Prima o poi il vento si alza/1

Il nuovo racconto ispirato da Engin Akyürek.

Ed eccoci qua con il mio terzo (terzo?!) racconto ispirato da Engin Akyúrek, quest’uomo che ci fa fare cose folli. Come può essere folle scrivere una storia immaginando che uno dei protagonisti sia proprio lui, l’attore e uomo straordinario di cui siamo perdutamente innamorate. Ho iniziato a scrivere questo racconto un anno fa, mentre Engin era alle prese con il set di Kaçış, immaginando di poterlo scrivere in breve tempo. Poi, però, la storia mi ha un po’ preso la mano e anche gli impegni lavorativi e famigliari mi hanno impedito di potermici dedicare con la costanza desiderata. Ma il racconto era lì e ogni tanto nelle mie notti insonni accendevo il computer e mi immergevo nel fantastico mondo dei sogni a occhi aperti che è per me scrivere. Poi ho dovuto fermarmi. A fine anno, lo stop forzato in ospedale e la lunga convalescenza con cui ho iniziato questo 2023 mi hanno dato l’occasione di finirlo.
Spero vi piaccia e vi faccia sognare. La struttura narrativa è insolita, i capitoli sono distinti in base al protagonista della narrazione: Lei, Lui, Loro 🙂 perchè le situazioni, anche se le stesse, cambiano se a viverle o a guardarle è qualcun altro.

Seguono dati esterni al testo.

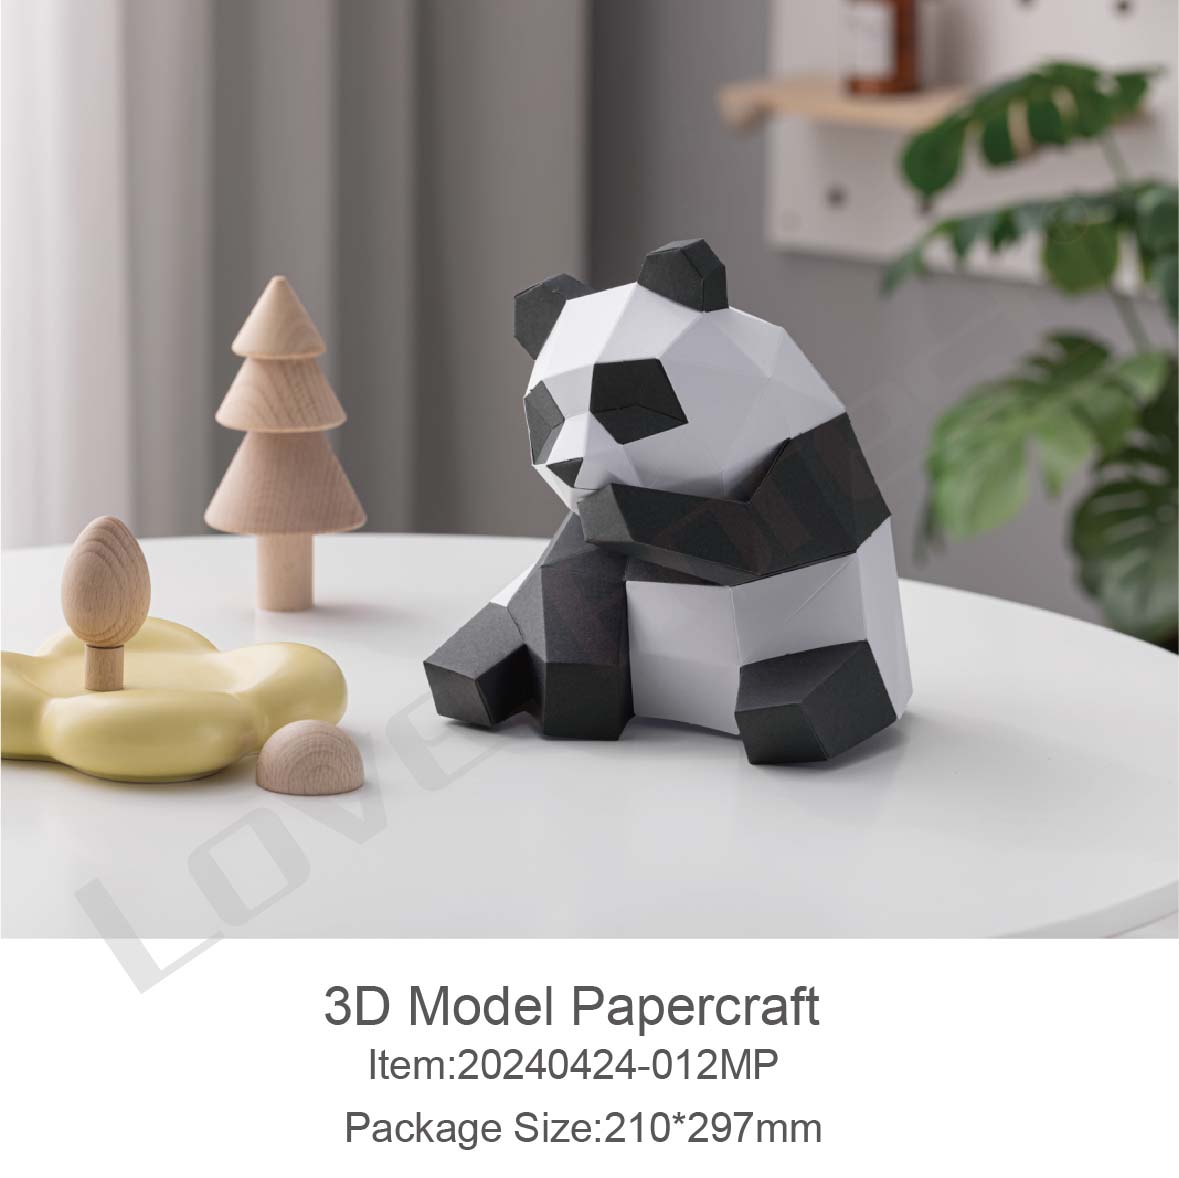 3D Model Papercraft

Per scrivere questa storia ho fatto ricerche di luoghi e posti della Turchia (con buona pace del mio algoritmo!) trasformando la scrittura in occasione personale di conoscenza di una terra che non vedo l’ora di poter vedere dal vivo! Spero che i luoghi citati incuriosiscano voi come hanno incuriosito me.
E poi troverete stralci di poesie (alcuni versi composti da me, che avete letto sui social di tanto in tanto 😌), brani musicali, opere d’arte: insomma il mondo dei miei interessi personali per condire una storia inventata dedicata a Engin Akyürek e all’amore, senza il quale davvero la vita sarebbe così triste. L’amore di un’amica, del proprio uomo, per i valori in cui si crede, per una battaglia giusta o per il proprio lavoro …insomma le diverse sfumature di questo sentimento che Engin con i suoi lavori ha raccontato egregiamente.
Mi scuso con Engin (qualora dovesse mai venire a conoscenza di questo racconto😁 ) se ho avuto la presunzione di rappresentare il suo carattere o i suoi sentimenti: mi sono fatta guidare dalla mia personalissima percezione e naturalmente dalla storia che prendeva forma.

Il racconto è diviso in “puntate”, perchè è lungo, quindi ci terremo compagnia per un po’!
Vabbè taglio corto, buona lettura!

Prima poi il vento si alza/1

L’amore non conosce la sua profondità
fino all’ora della separazione.
(Kahlil Gibran)

LEI ♀

Oggi non va. Bianca se lo ripeteva come una litania, da quando aveva messo i piedi giù dal letto, svegliata da una suoneria impietosa. Era lunedì mattina. E l’umore era pessimo. La sera prima, a dire il vero, aveva incontrato la sua amica Neylan, avevano chiacchierato a lungo e avevano cominciato a progettare un viaggio insieme. Aveva trascorso una serata bellissima, come sempre quando era con Neylan: avevano una sintonia perfetta, si capivano al volo, ridevano di gusto per ogni cosa e appena potevano viaggiavano insieme o quanto meno progettavano di farlo.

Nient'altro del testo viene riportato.